***** RECORDED INFORMATION
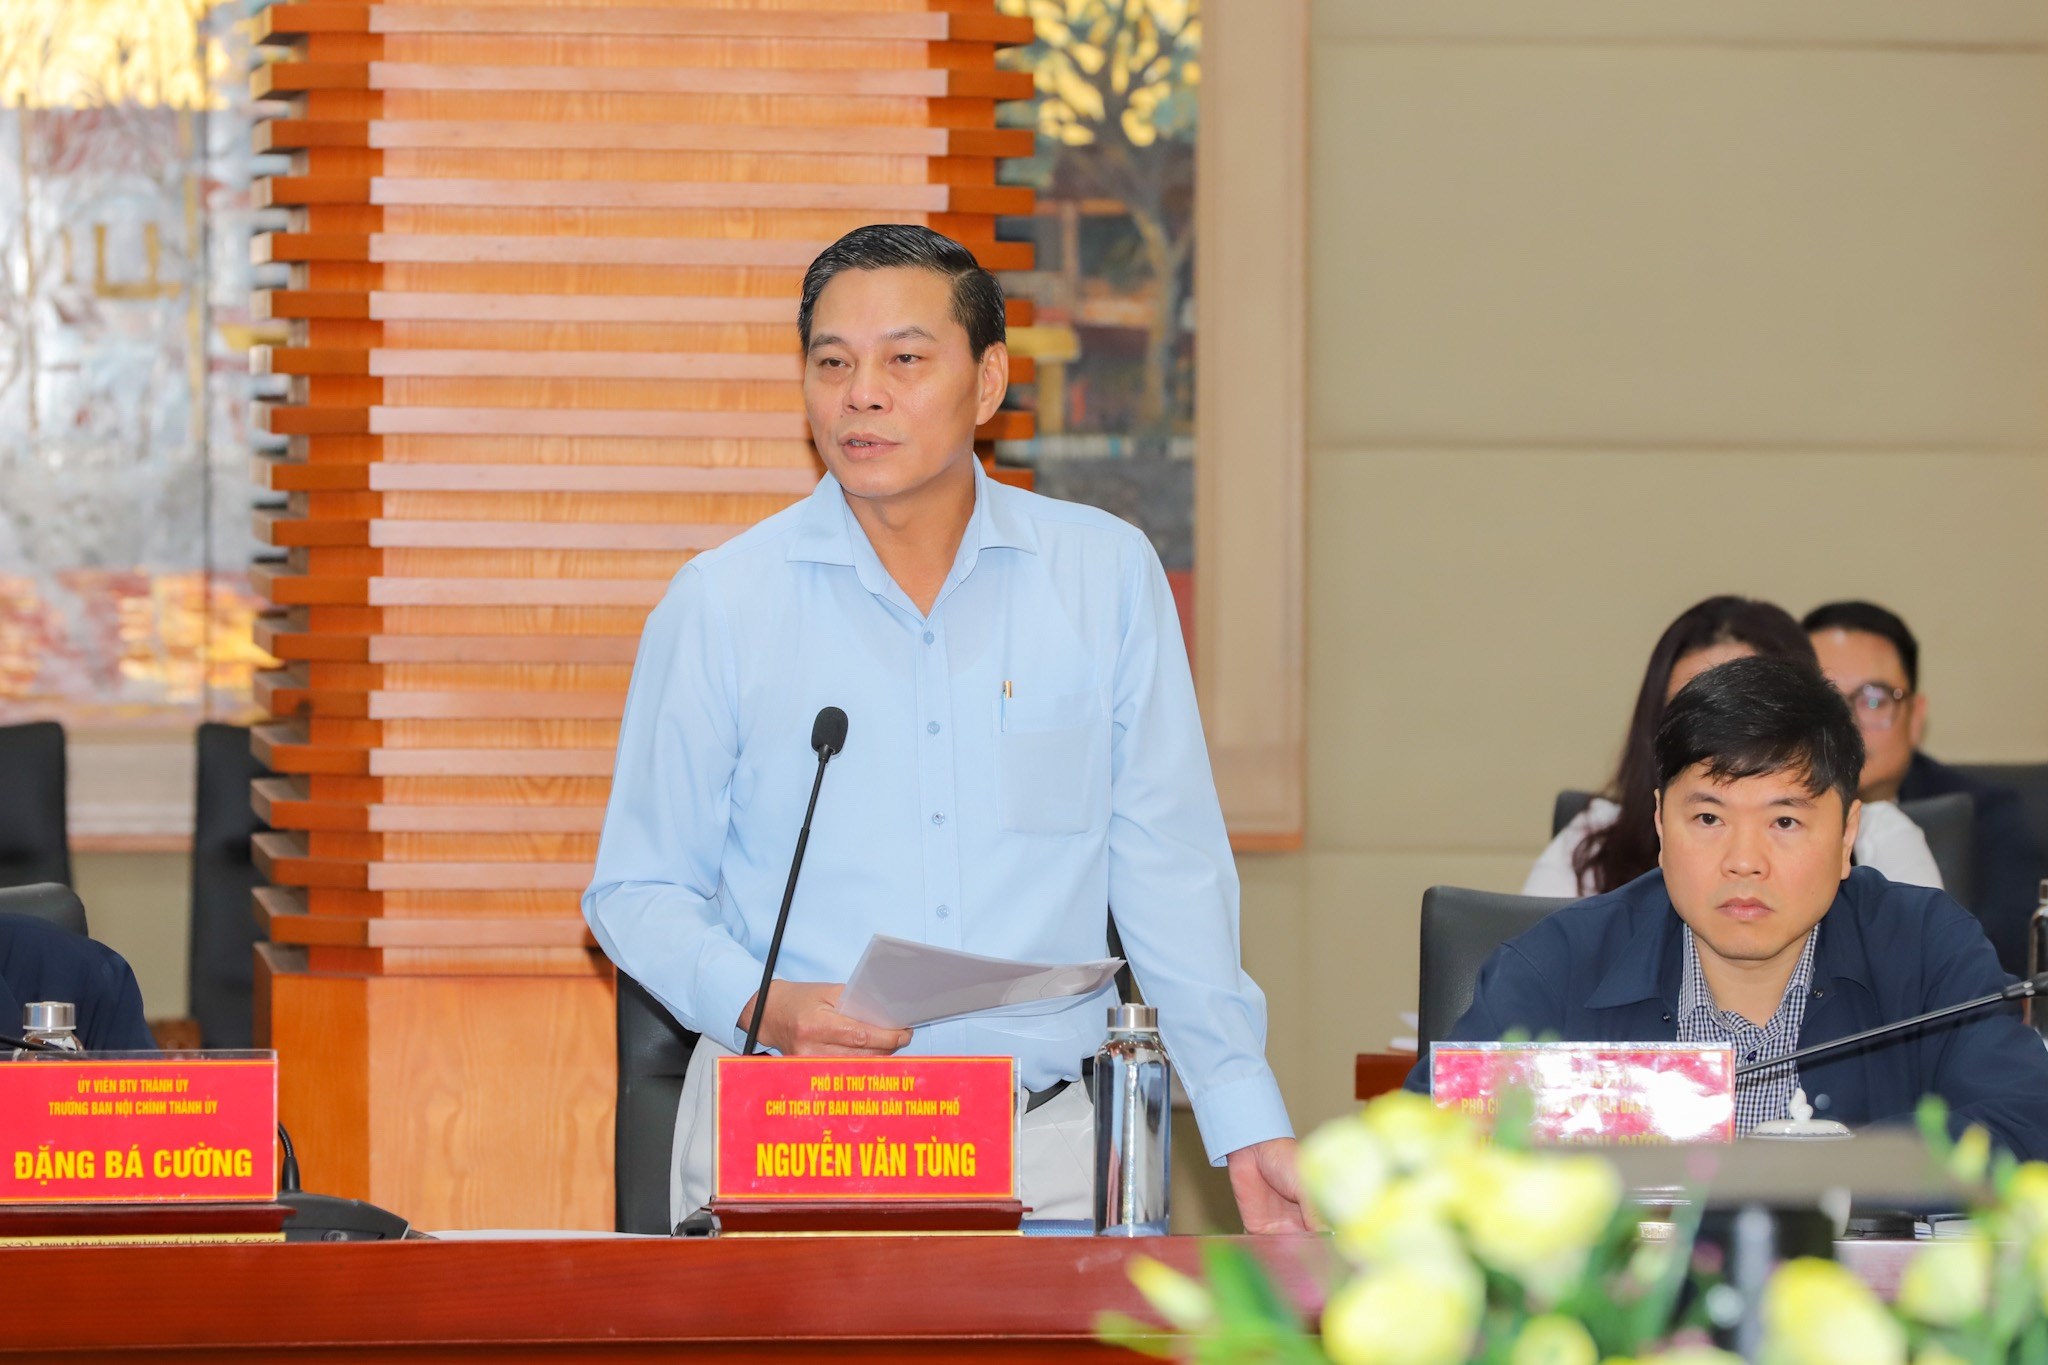 Ông Nguyễn Văn Tùng, Chủ tịch UBND thành phố Hải Phòng chỉ đạo tại cuộc làm việc
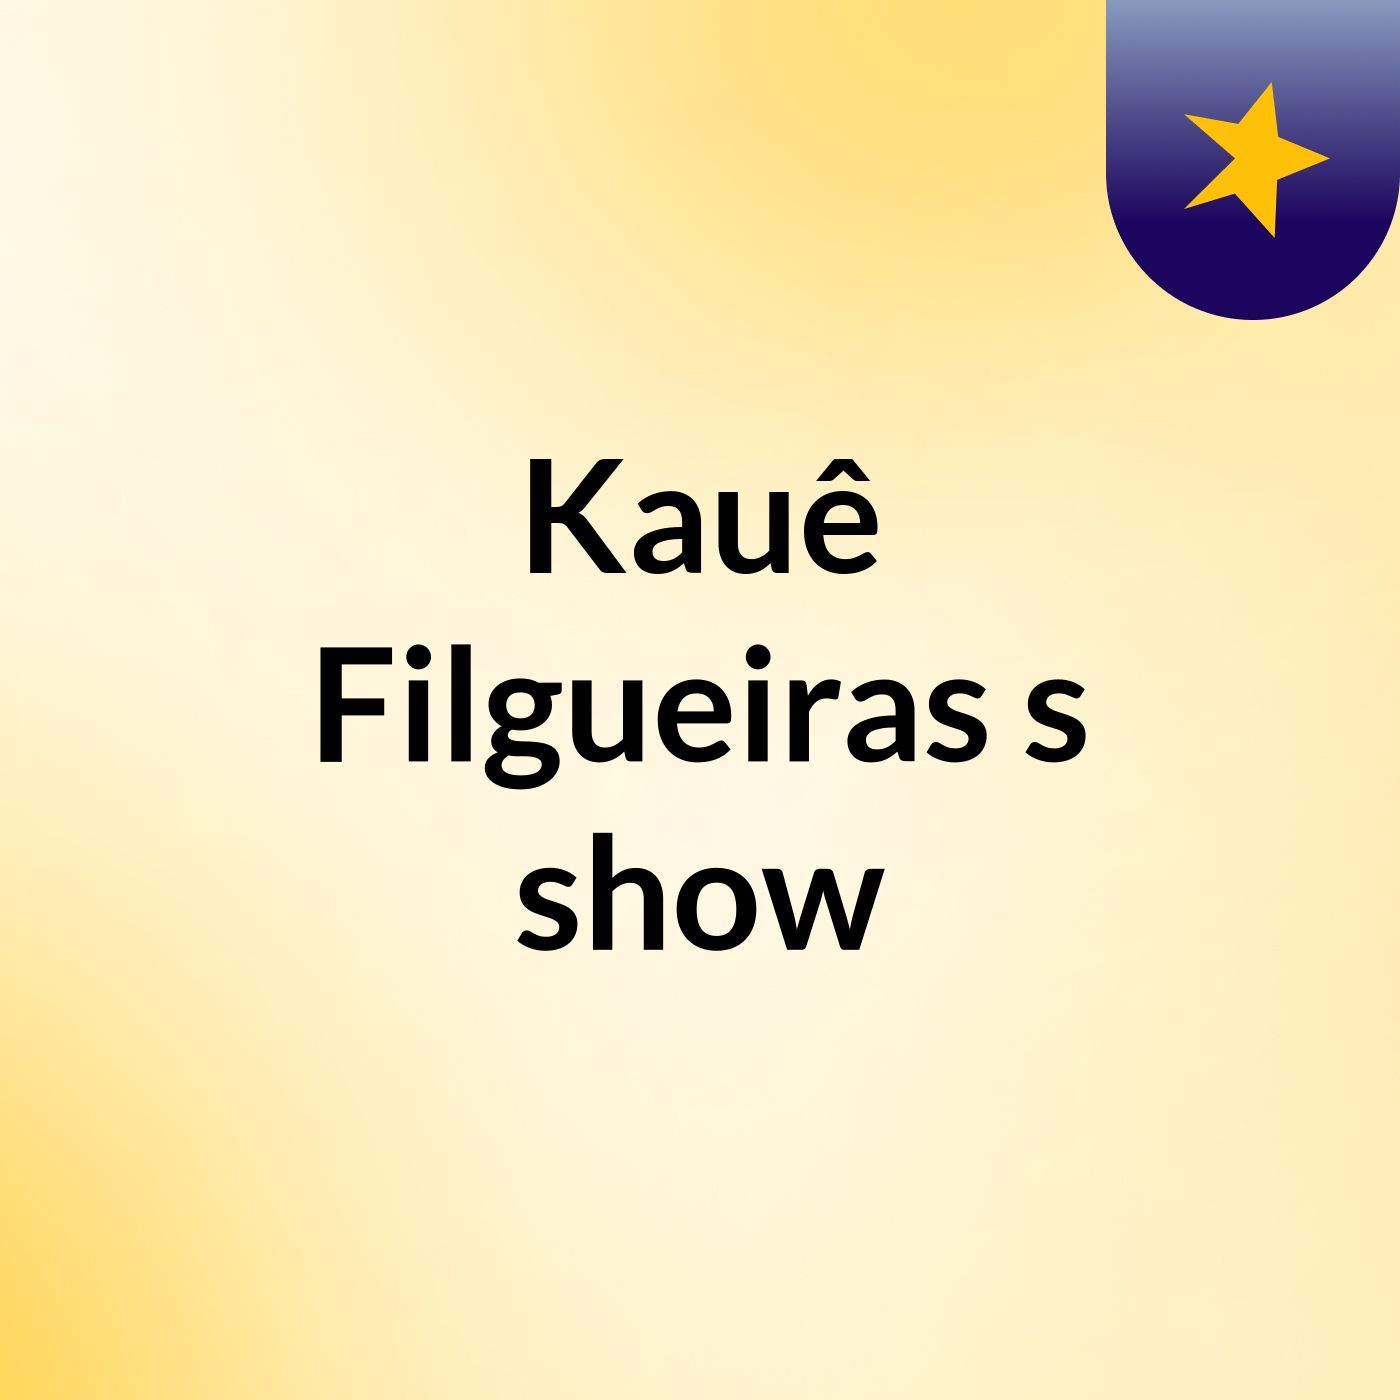 Kauê Filgueiras's show
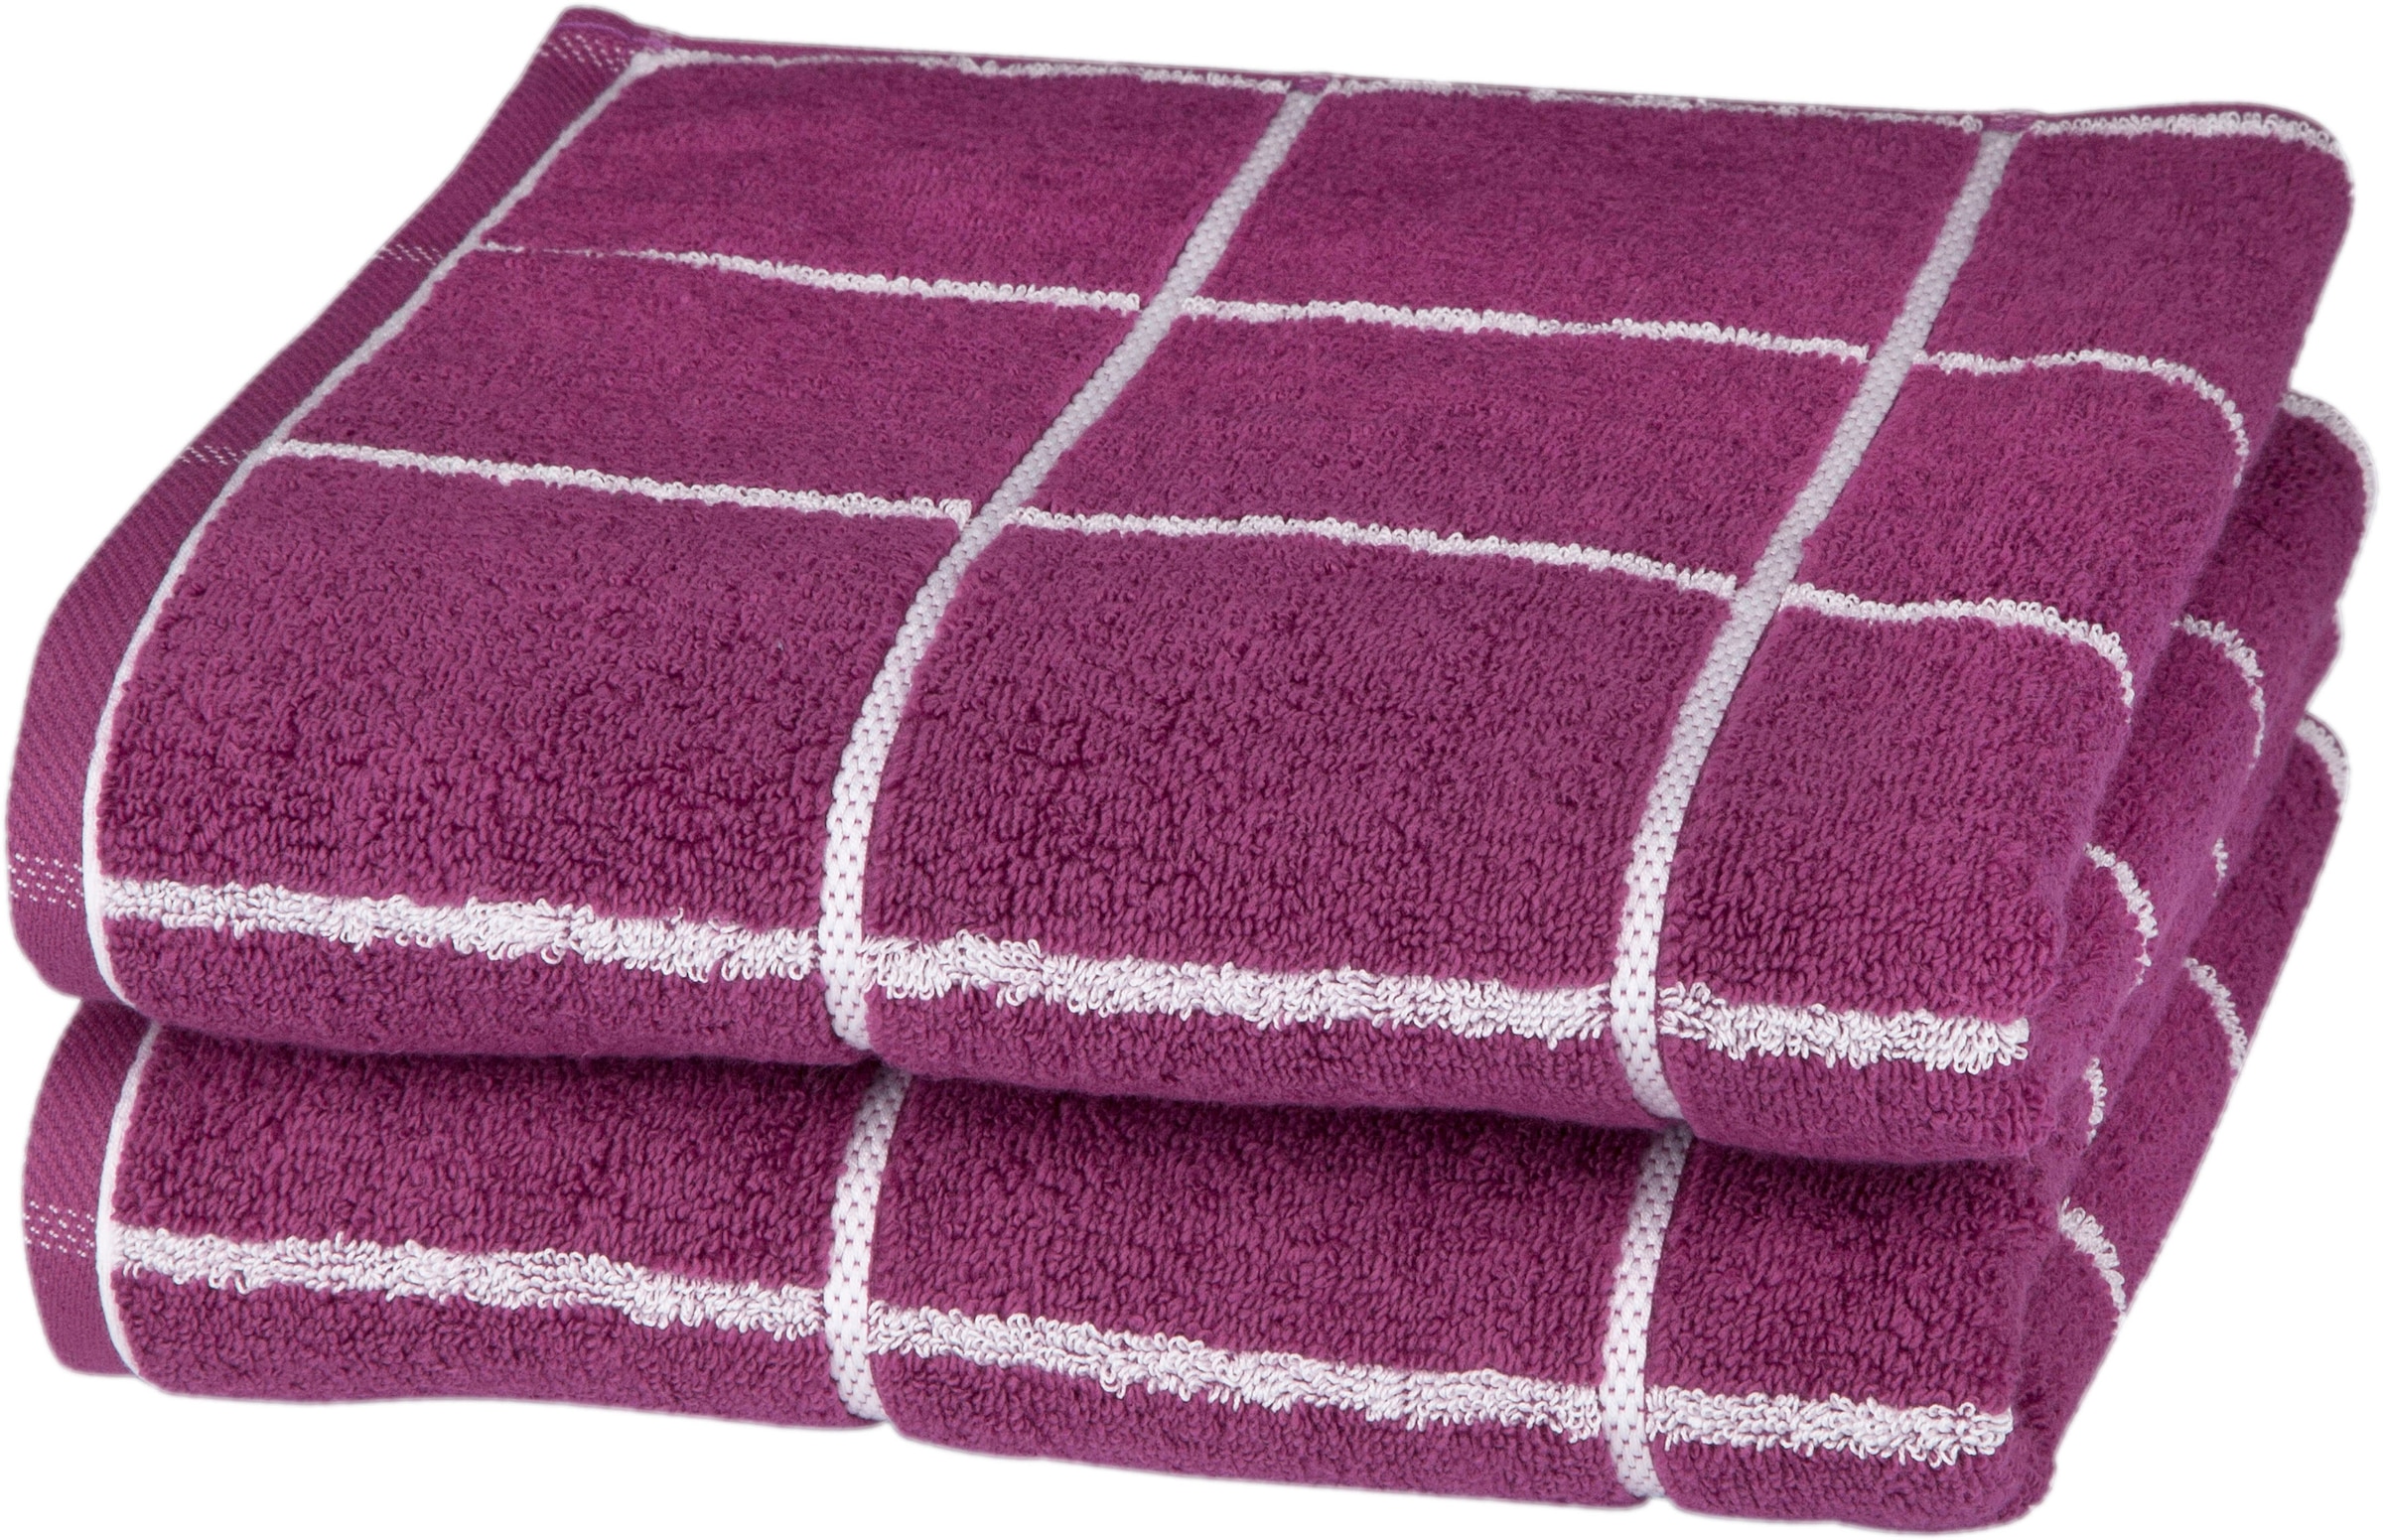 Handtücher in Pink auf Teilzahlung kaufen ❤ UNIVERSAL
**********
*TASK GOAL*: Give an exact copy of the listing, without its pictures.

*EXERCISE SOLUTION*:
 Ông Nguyễn Văn Tùng, Chủ tịch UBND thành phố Hải Phòng chỉ đạo tại cuộc làm việc
 Kauê Filgueiras's show
 Handtücher in Pink auf Teilzahlung kaufen ❤ UNIVERSAL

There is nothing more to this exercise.